Há dez dias, talvez mais tempo ainda
Há 10 dias acordei de uma “viagem” bem idiota para minha idade, nem tão avançada assim, é bem verdade. Dei-me conta que estava a bater boca ou bater teclas de notebook com pessoas que mal conheço, com quem não tenho a menor intimidade sobre política, sobre socialismo utópico ou capitalismo selvagem. Da festa, da grande festa que ocorre na política a maioria de nós, a patuleia (como define Elio Gaspari), não será convidada a participar, a não ser, é claro, na hora de pagar a conta. Na grande festa da exibição da genitália masculina, para não escrever termo mais chulo, a gente entra com as bundas, para não escrever outro termo vulgar. Então, decidi parar de rebater e apenas ler, às vezes nem isso, as opiniões contrárias, sem a manifestação contrária. Tem Grêmio e Inter, tem chimangos e maragatos...é isso aí, a grande diversidade e em cada cabeça, uma sentença.

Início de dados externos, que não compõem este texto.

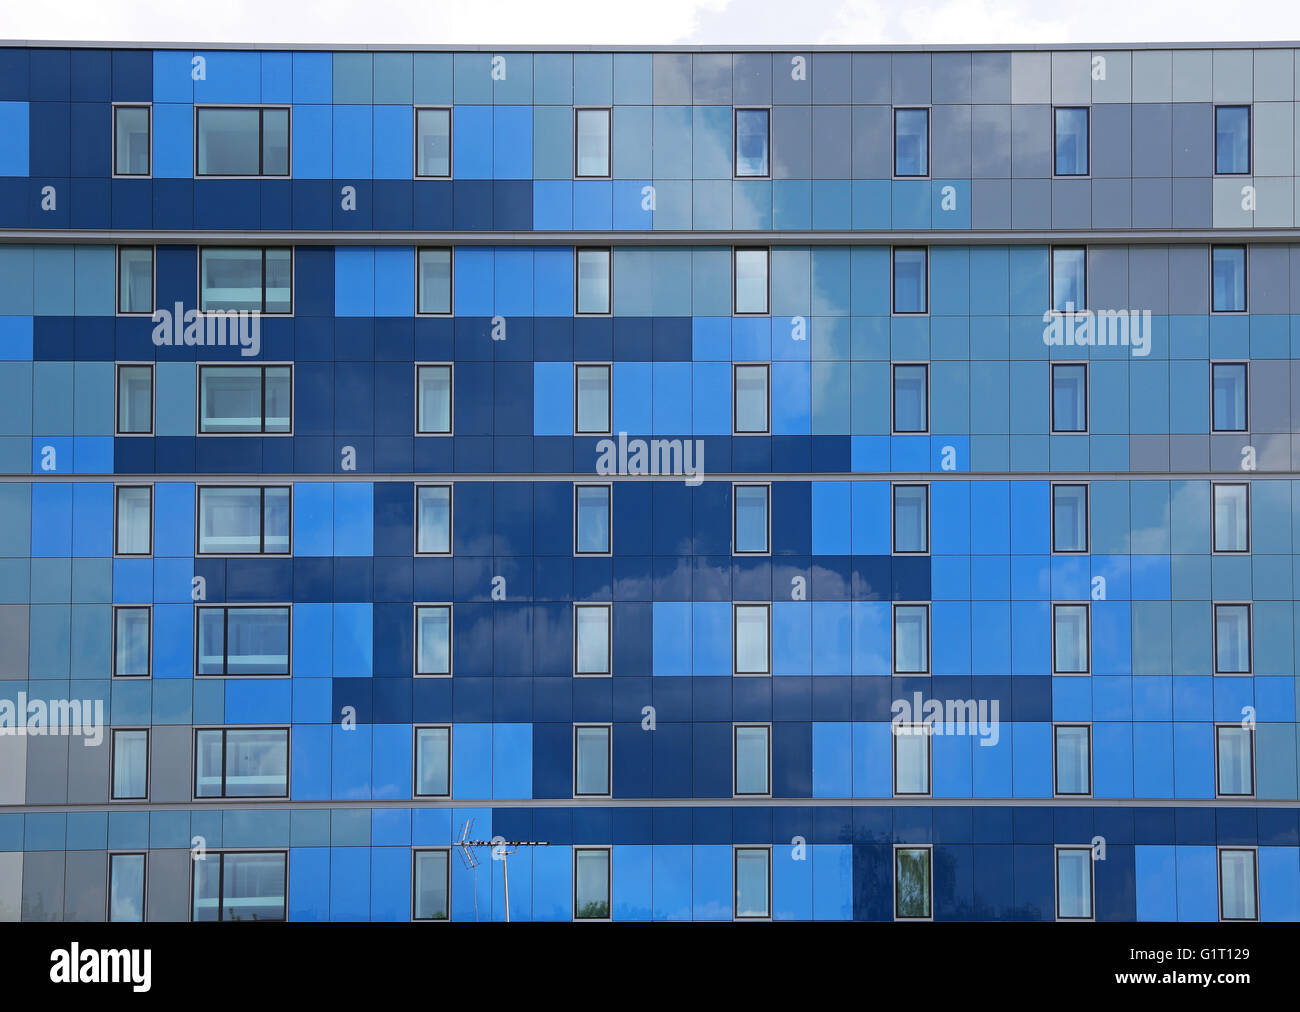 Cladding panels on the Premier Inn Hotel, Archway, London. A converted office block reclad in distinctive blue and grey panels Stock Photo

Muitos de nossos valorosos companheiros estão sob efeito desse vírus que não encontra limites, somos pequenos demais. Muitos sobreviverão a seu ataque, outros quedarão. A gente fica meio anestesiado diante do que parece inexorável, o contágio. Leio que em São Paulo concluíram que a metade dos contagiados era absolutamente assintomático e isso é assustador. Por que o vírus me quis, por que não me quis? Diante desse panorama as discussões sobre política e futebol ganham papel secundário, irrelevante...
Tem pessoas que passam em nossas vidas e marcam. Temos nossos ídolos das músicas, cinema, teatro, futebol. Tem a gente que a gente queria ser tal qual. Lembro de Raul e seu túmulo no gramado do Jardim da Saudade em Salvador; ali, no chão, uma placa azul de letras brancas: Raul dos Santos Seixas e eu chorei; chorei porque éramos próximos, eu acho, ele dizia e cantava a crítica de uma sociedade que não era atenta à solidariedade. Pintava liberdade de costumes e uma sociedade alternativa, eu era jovem e queria um novo mundo, não utópico, mas um mundo possível; é provável que ele não venha, não nessa geração. Ali, sob a placa, entremeado ao pó, estava meu ídolo, o maluco beleza, o que havia assistido à sessão das dez, o que queria partir em um disco voador, como o Capitão Blood.
Lembrei subitamente de Luciana Vendramini, sei lá porquê. Era uma das musas de um passado recente, uma menina de São Paulo que viveu uns tempos com o roqueiro Paulo Ricardo. Veio-me Luli, esposa de Jaime Ughini, que como seu marido foi embora cedo demais. Nunca tivemos intimidade nos convívios, mas era a Luli...a Luli e lá vinha ela pela Moron, de braços dados com sua mãe. Ela tinha tudo a ver com a Moron...a mais bela rua da cidade não será a mesma sem Luli, pelo menos para os da nossa turma. Quando penso na Luli e em Jaime, amigos tão simpáticos e tão queridos, penso nas bobagens e mesquinharias que expomos nas redes sociais, espaço que poderia estar ocupado com o nosso melhor. Merda, não é mesmo? Estamos na torcida para Edu Wentz porque o Boka é quase nossa segunda casa, assim como o Natus. Ali, nesses bares, estão petrificados milhares de grandes momentos e essas pessoas queridas são parte de nossas carnes, são parte de nosso sangue. Estamos na vigília por Alexandre Fagundes, (em recuperação de acidente de trânsito) filho de nossos amigos e, portanto, nosso filho também. Merda...termo chulo, é verdade...merda, merda...a vida, às vezes, é uma merda. Mas, não se entreguemo.